PCA was performed on 43,676 cardiac models to identify the independent modes of variation accounting for the greatest amount of shape variation. The result is a set of PCs with a unique Z-score value for each participant reflecting their difference from the mean shape in the direction of the PC. These Z-scores between PCs were uncorrelated. They identified 11 shape dimensions describing the primary phenotypic variations in heart shape.

By plotting cardiac shape ± two standard deviations from the mean in the direction of each PC, the associated biologic shape variation can be visualized:

  • PC1 was associated with overall heart size
  • PC2 with apex-base length
  • PC3 with anterior-posterior width
  • PC4 with relative orientation of the RV respective to the LV
  • PC5 with lateral width

Other PCs had more complicated shape changes. For example, PC9 was associated with relative size and length of the LV respective to the RV. PCs 2, 3, and 5 also represent variations of cardiac sphericity in different dimensions (variation in length in different dimensions causing the ventricles to be more spherical).

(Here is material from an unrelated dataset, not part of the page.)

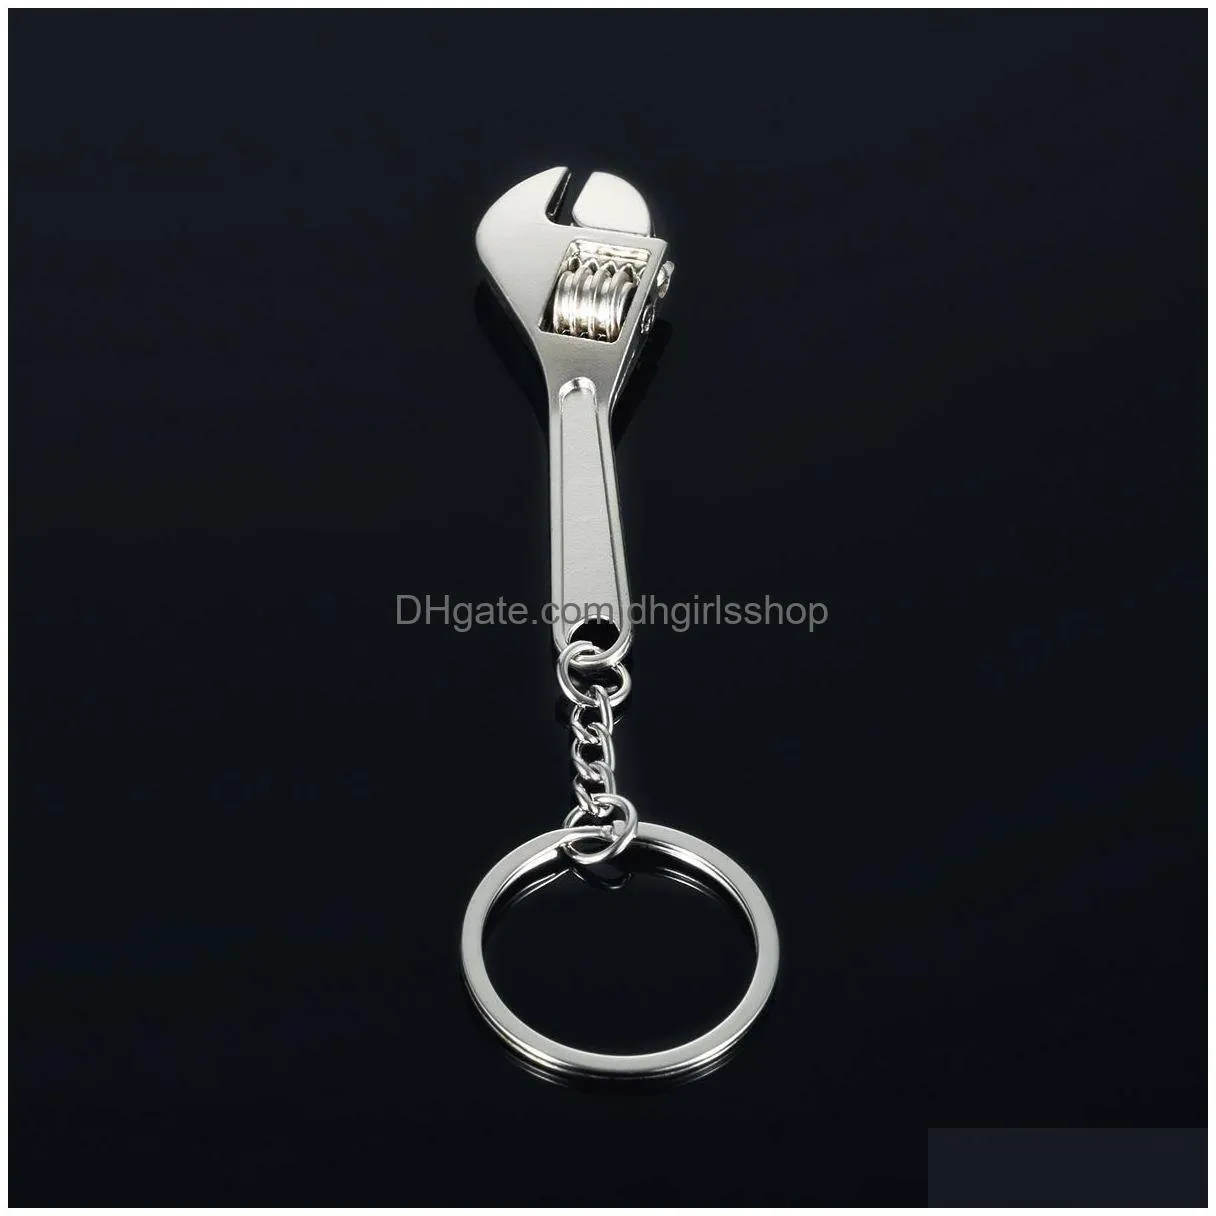 Key Rings Metal Wrench Key Ring Mini Monkey Keychain Holder Hand Tool Rings Fashion Jewelry Handbag Jewelry Dh3Ix

Together, the first 11 PCs (PCs that individually captured > 1% variance) accounted for 83.6% of the total shape variation: 83.7% in European individuals (n=41,235), 83.0% in non-European individuals (n=2,441), and 80.7% in participants with previous myocardial infarction (n=671).

“We identified 45 signals across 8 PCs, of which 14 had not previously been reported for any cardiac trait, and 6 which were not associated with any other PC. The PCs demonstrated significant associations with cardiometabolic diseases, including AF and MI, and genetically predicted PCs were generally consistent with these observations,” the researchers noted.